Так она стояла, стараясь обольстить улыбкой воду, в страхе, что вода не оправдает надежд и не вылечит плечо. Она посмотрела на вереницу заводей, уходящих наверх, к прозрачному туману над вершиной горы, на другую гору за нею, окутанную облаками испарений. Облака вздымались огромными клубами, образованные струями пара, которые тут и там вырывались из пятен красного и желтого налета на черном граните проталин в снежных шапках вершин. Ей почудилось, что горы смотрят на нее. Она спрятала лицо в ладони, но тут же заставила себя взглянуть на горы – не подобает отводить глаза, если ты не просто Пальма, но Та, Кто Дает Имена Женщинам; и горы снова стали обыкновенными горами, и боль вернулась.
– Я еще достаточно молода, чтобы иметь ребенка. Может быть, когда мужчины вернутся…
Она метнула взгляд по сторонам, но никого из мужчин поблизости не было – даже какого-нибудь дряхлого Леопарда, только и способного, что лежать, подремывая, на солнышке, даже какого-нибудь мальчишки, который мог бы запомнить, что сказала Дающая Имена Женщинам. Никого не было, кто мог бы услышать ее. Она отняла ладони от лица и полезла по склону к заводи.
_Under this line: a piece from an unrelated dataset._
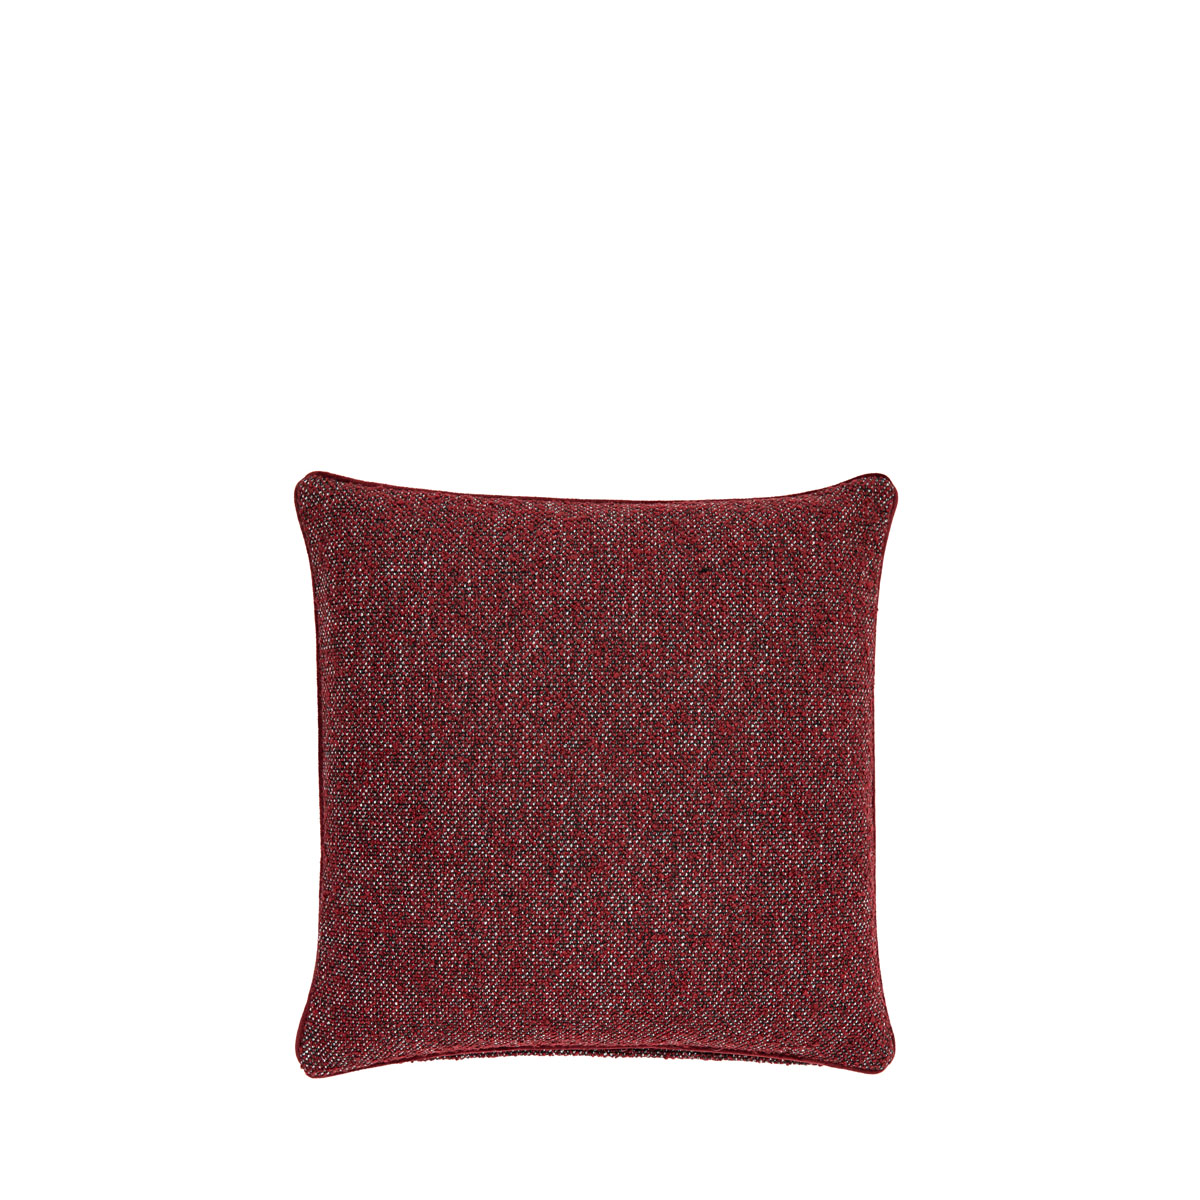 Boucle Natural Cushion Cover Merlot 500x500mm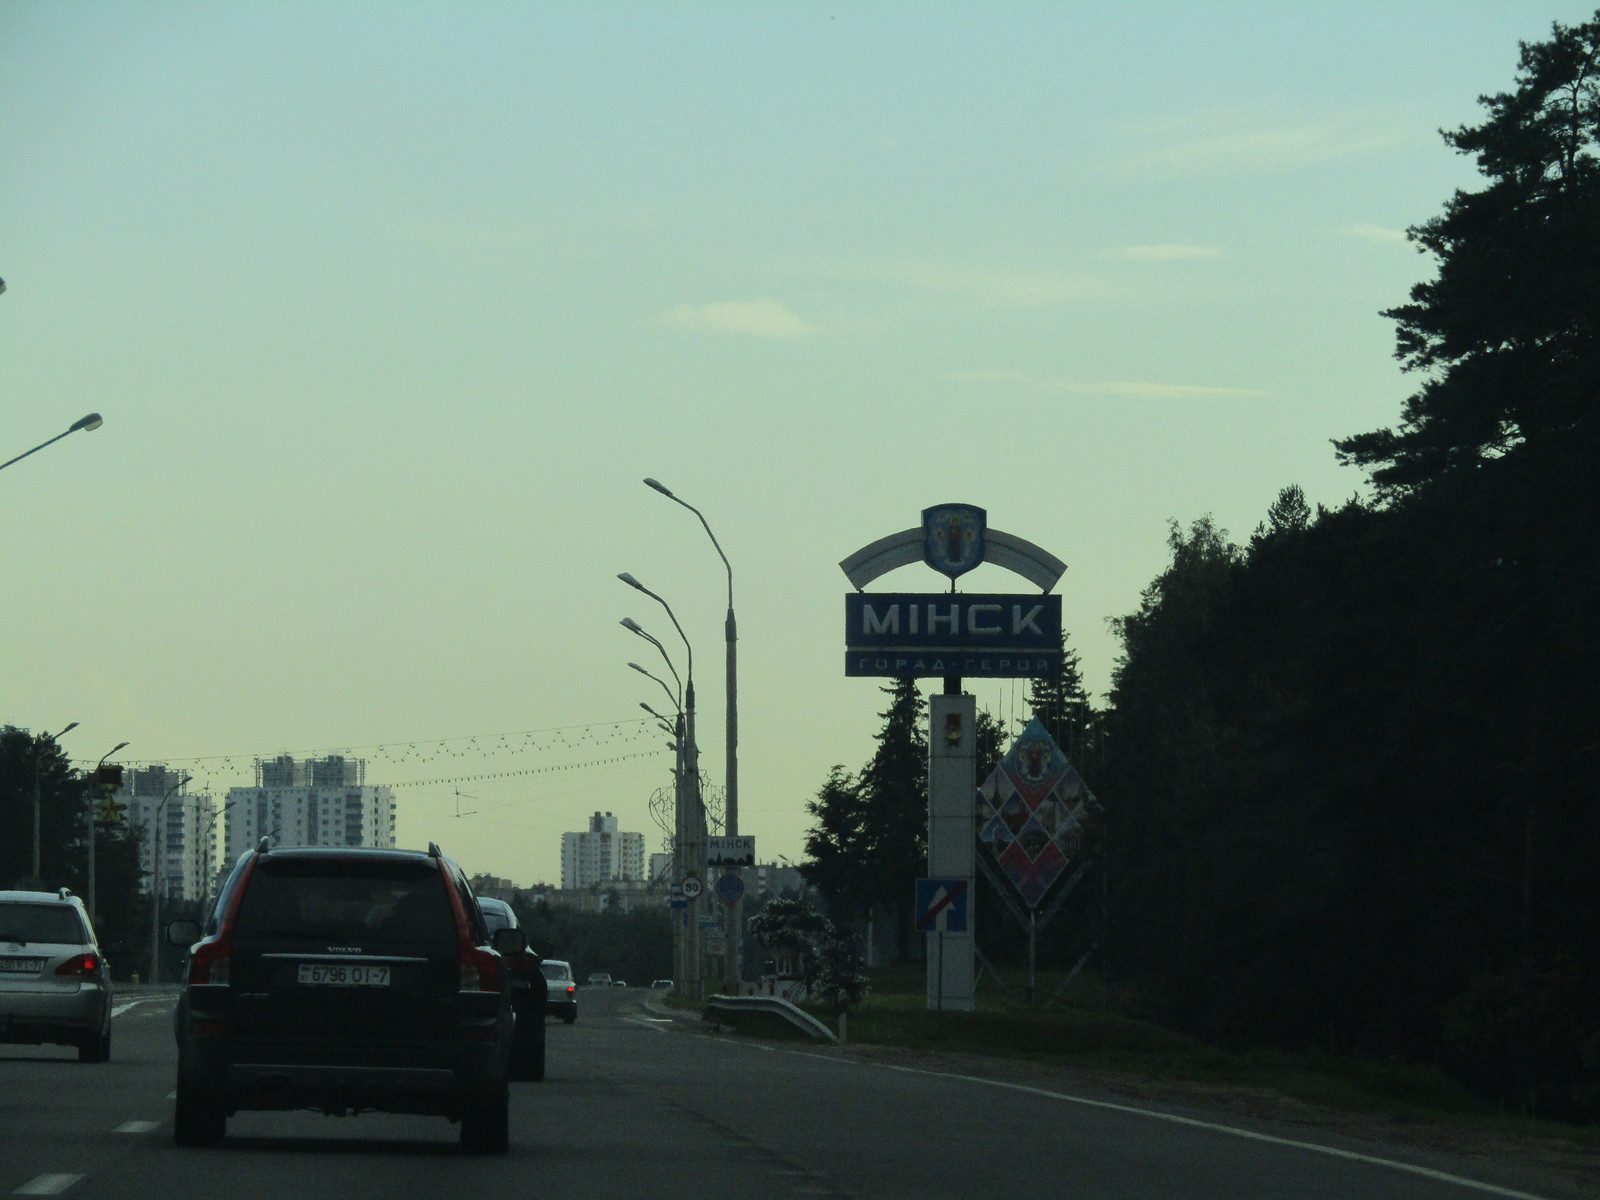 Perm - Belarus - Perm. - Longpost, Ural, Nizhny Novgorod, Minsk, Republic of Belarus, Permian, Road trip, My

Они располагались немного, может быть на локоть, одна выше другой. Вода, наполняя до краев верхнюю, переливалась тонкой струйкой через гладкий каменный край в нижнюю, и так до самого подножия горы. Временами струйка становилась толще и бежала быстрей, как бы по изменчивому настроению недр; но всегда заводи были полны. Это многоводие радовало Пальму, которая воспринимала полные до краев заводи как богатство, изобилие, как щедрость источников. Она была благодарна воде без того, чтобы относиться к ней как к живому существу. Вода манила, звала окунуться. Пальма развязала тесемки травяной юбочки, и та упала к ее ногам. Потом, приподняв на шее распущенные волосы, сняла бусы из гремящих раковин. Положив их на камень, она не поспешила сразу же погружаться в целительный жар воды, но опустилась на колени, отбросила длинные пряди волос на спину и заглянула в нижнюю, более прохладную заводь. Повернулась так, чтобы на нее падало солнце, и, затаив дыхание, стала всматриваться в лицо, что всплывало к ней из темной глубины.